During the late 1960s and early 1970s, nearly one million people throughout the United States left urbanized areas for rural settings, intent on establishing themselves as “back-to-the-landers.” While many of these people moved to the Northeast or the West, which had long been centers of counter-cultural movements, a significant number were drawn to the Ozark Mountains of Arkansas. It is difficult to state how many back-to-the-landers (BTLs) moved to Arkansas between 1968 and 1982, but rough estimates suggest that it was somewhere between 2,000 and 6,000.
Nearly all of the BTLs who moved to the region were in their early to mid-twenties. On the whole, the BTLs were well educated, with over seventy percent having completed an undergraduate degree. Approximately eighty-five percent of the respondents in a survey conducted by Jared M. Phillips at the University of Arkansas in Fayetteville (Washington County) had come from or returned from urban areas such as New Orleans, Louisiana, or Chicago, Illinois, with a few from Fayetteville or Little Rock (Pulaski County) heading to the hills. Nearly all BTLs were white and from middle-class families, and few had practical knowledge of how to live “on the land.”
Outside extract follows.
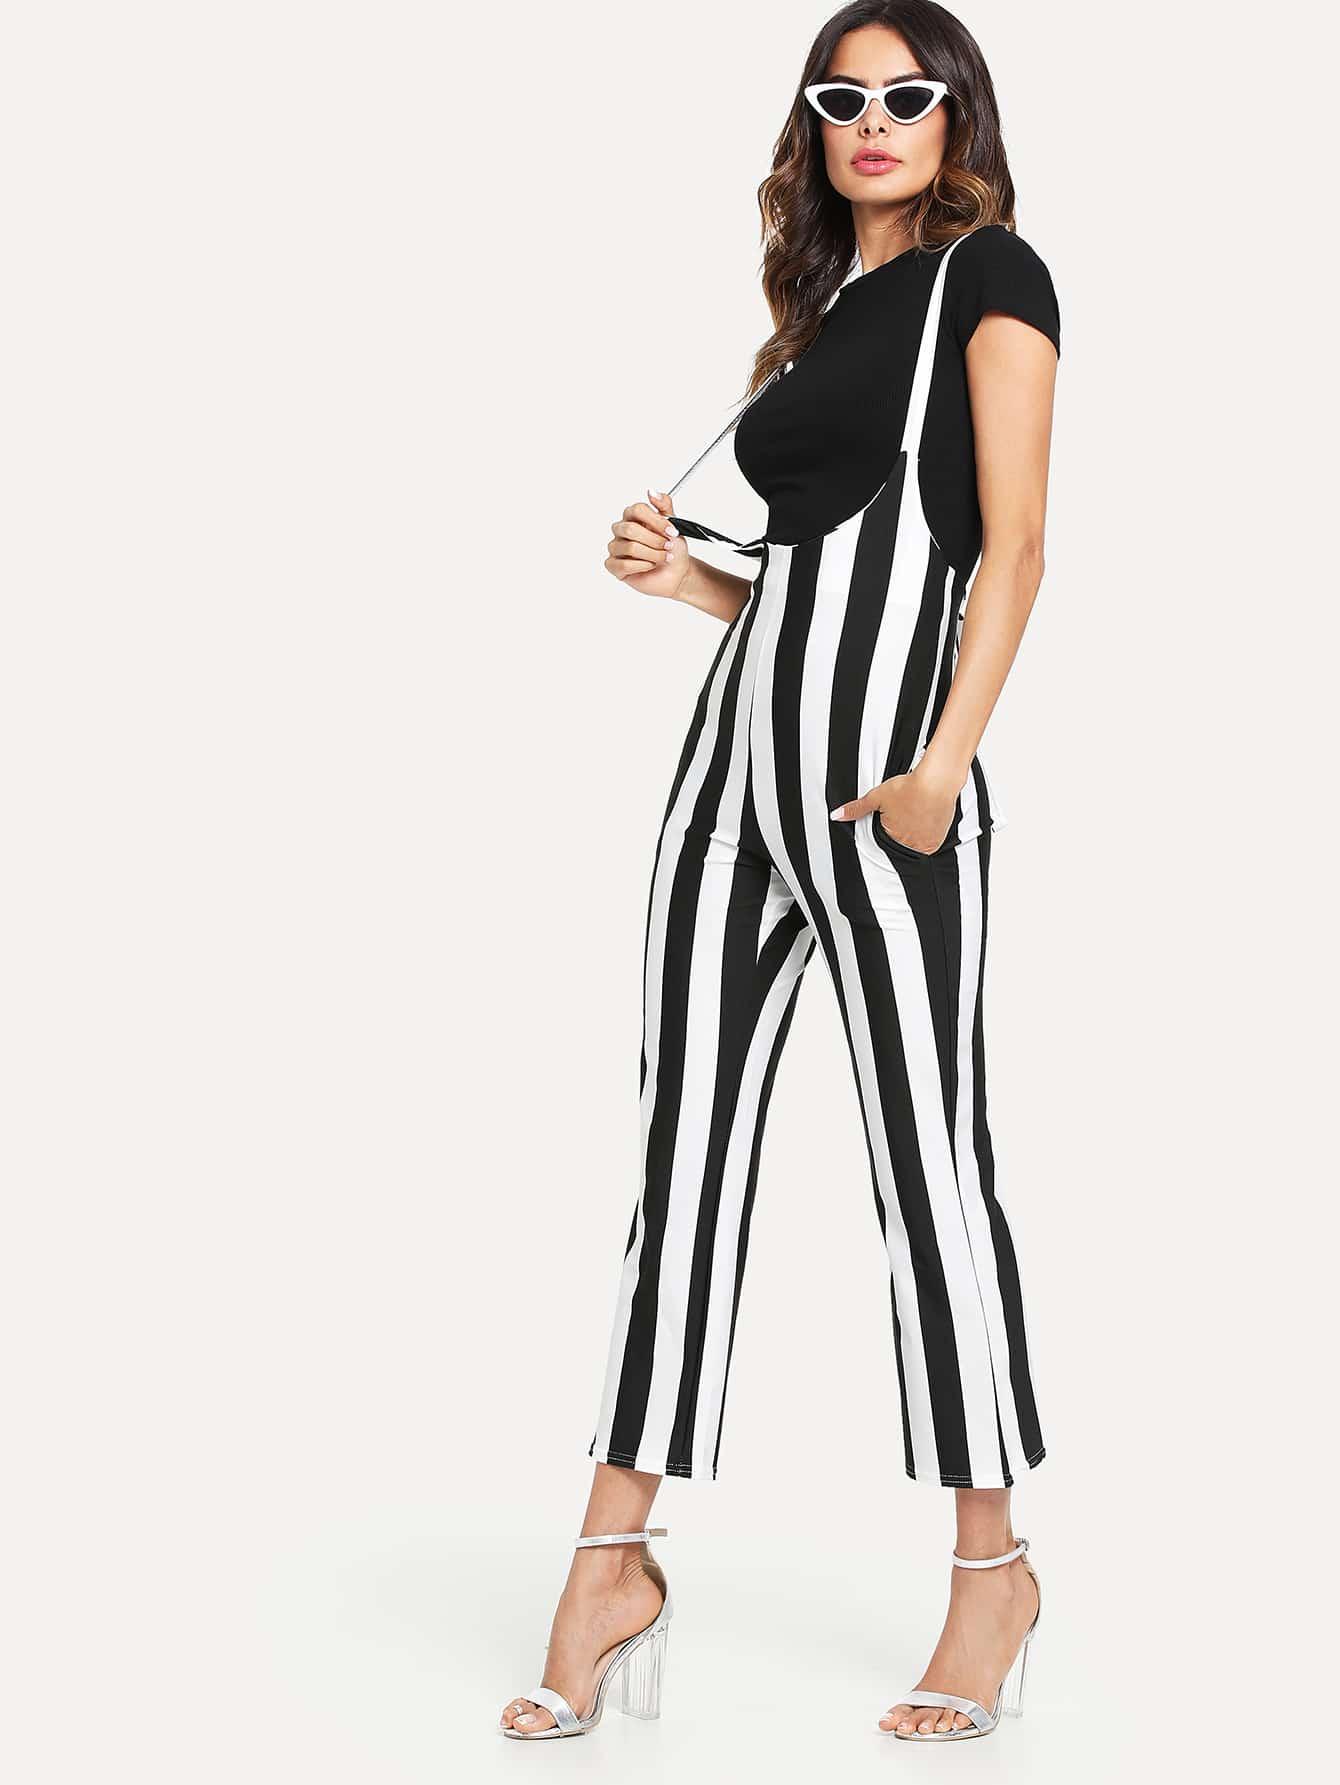 Criss Cross Back Striped Jumpsuit criss cross back scallop trim drawstring waist jumpsuit

From World War II until 1960, the state’s population had dropped from nearly 2 million residents to 1.75 million. From 1960 to 1970, there had been slight growth, up to 1.9 million, but beginning with the 1970s, the population skyrocketed in comparison to the previous twenty years. From 1970 to 1980, the state experienced an 18.9 percent growth in population, adding some 363,000 people. In the Northwest and White River planning districts, where the bulk of the Ozark counties are located, the changes were even greater: in the Northwest, there had been a population increase of 40.6 percent over the decade; in the White River region, thirty-two percent.
The BTLs were part of this larger influx of outsiders into the state, an in-migration that was often dealt with warily by locals, as a sudden influx of outsiders of any persuasion tends to lead to high emotions. While perhaps the most visible, the “country hippies” constituted only a small part of the influx. The majority of the state’s new residents—nearly eighty percent—were retirees (approximately sixty percent) and returnees.
Edd Jeffords—a returnee to the state, sometime member of the BTL movement, and founder of the Ozark Institute—argued that better roads, industry relocation, college and school growth, and development of retiree communities all helped bring people to rural areas. These factors worked alongside longstanding urban concerns about crime, pollution, and crowding. People in teeming cities were drawn to wide-open Arkansas—even by 1980, population per mile in Arkansas was 43.9, much lower than the national average of 64 people per mile. These things, plus low land prices, were significant motivators for many in the back-to-the-land community. In the 1970s, for example, one could purchase nearly ninety acres with a year-round spring in the Ozarks for less than $20,000 (though BTL groups did not often purchase such land).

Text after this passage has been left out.